I’ve also spent the past two decades in spaces that are predominantly female. My writing classes are like that, as was Dear Sugars podcast I did with Cheryl Strayed, as is my own household. I’ve spent a lot of time trying to understand how women navigate in a society that is (still) almost entirely controlled by patriarchal thought. Many of my short stories are written from the perspective of women. And I was drawn to Lorena, in part, because she’s continually manipulated, disregarded, and gas-lit by the men around her. She has to figure out how to persevere, how to navigate a world designed to marginalize her.
I have no idea whether I honored her experience. That’s for the reader to decide. I just know that once she showed up in my head, I had to tell her story.

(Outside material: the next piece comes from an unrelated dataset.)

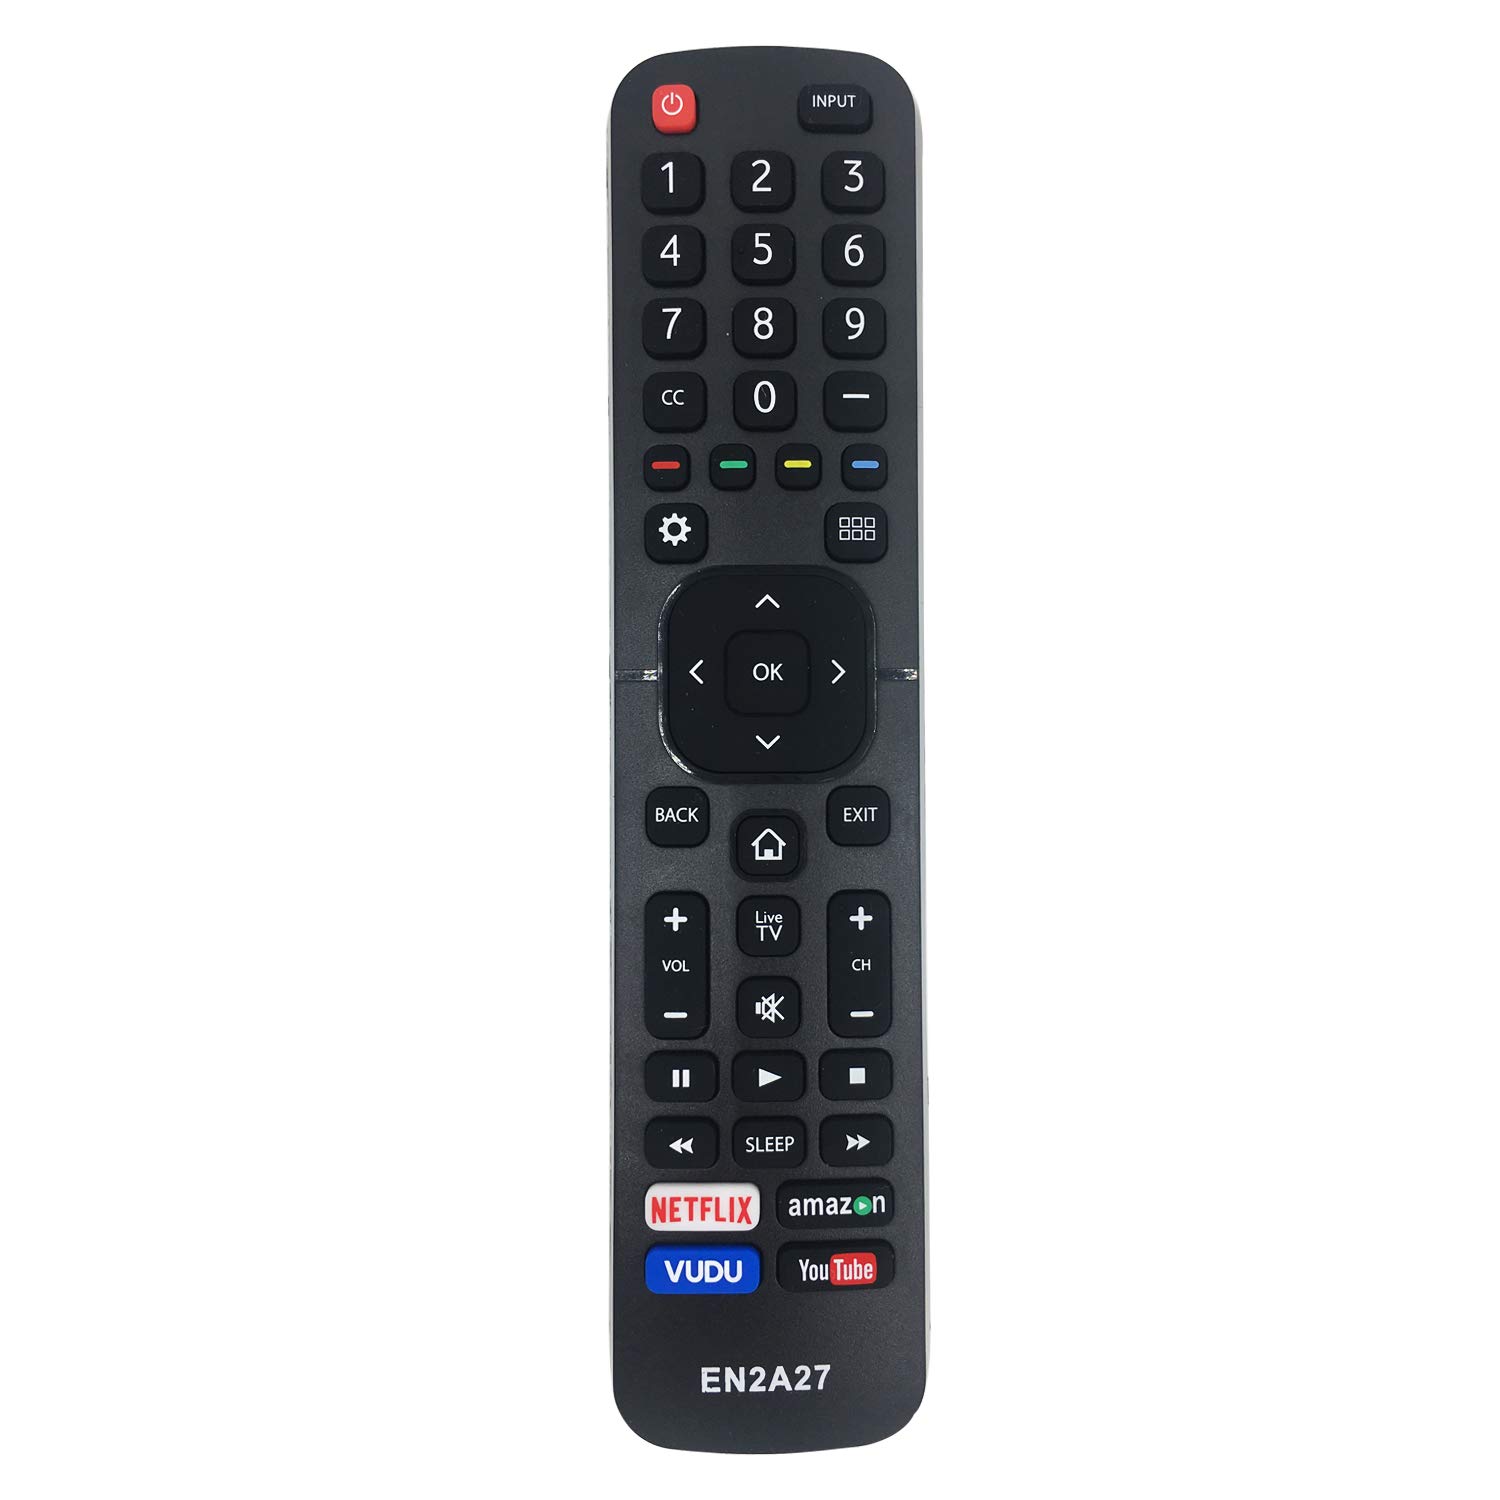 How to Fix Hisense Remote Not Working

You're known by Cog's readers for your sharp commentaries, often about politics. But you also write non-fiction books, and for years you dispensed radically empathetic advice on the "Dear Sugars" podcast. How do these different kinds of work relate to and/or fuel each other?
I always tell students that the key to writing is simply to be honest about the stuff that matters to you most deeply. That sounds simplistic, but it’s what I look for in a writer: that sense of urgency, candor, curiosity. This has taken different forms in my career, but they’re all related. The radical empathy I expressed as the host Dear Sugars is the same radical empathy I applied to the characters in “All the Secrets of the World.” The guy lamenting the moral degradations of Trump regime for Cognoscenti is the same guy writing a novel that explores how our country has criminalized the American dream for Central American immigrants.
When I love a writer, it’s because I trust them. I want to spend time with their brain, their heart, their sensibility.
Just the modes are different. For Cognoscenti, I’m writing rhetoric, arguing with a world I see as broken. In the novel, the point isn’t to rant at the reader but to tell them a story that leads them deeper into their own moral confusions.
When I love a writer, it’s because I trust them. I want to spend time with their brain, their heart, their sensibility. I come think of them, to paraphrase Charlotte’s Web, as a “wise, true friend.”
How does it feel to have a story that's been yours — and yours alone — for 30 years, suddenly out in the world?
Fantastic. So much of writing is about absorbing rejection, dealing with failure, outlasting your doubt. I spent decades beating myself up for not being able to produce a novel. But the truth is, I didn’t have a story worth sharing with the world. Now I do. Without knowing it, I’d been waiting for “All the Secrets of the World” to come to me. The moment the muse brought Lorena into my life, I knew how much I loved her, and how much I wanted to tell her story. To be able to share that with readers is a massive relief, a profound honor, and a real joy.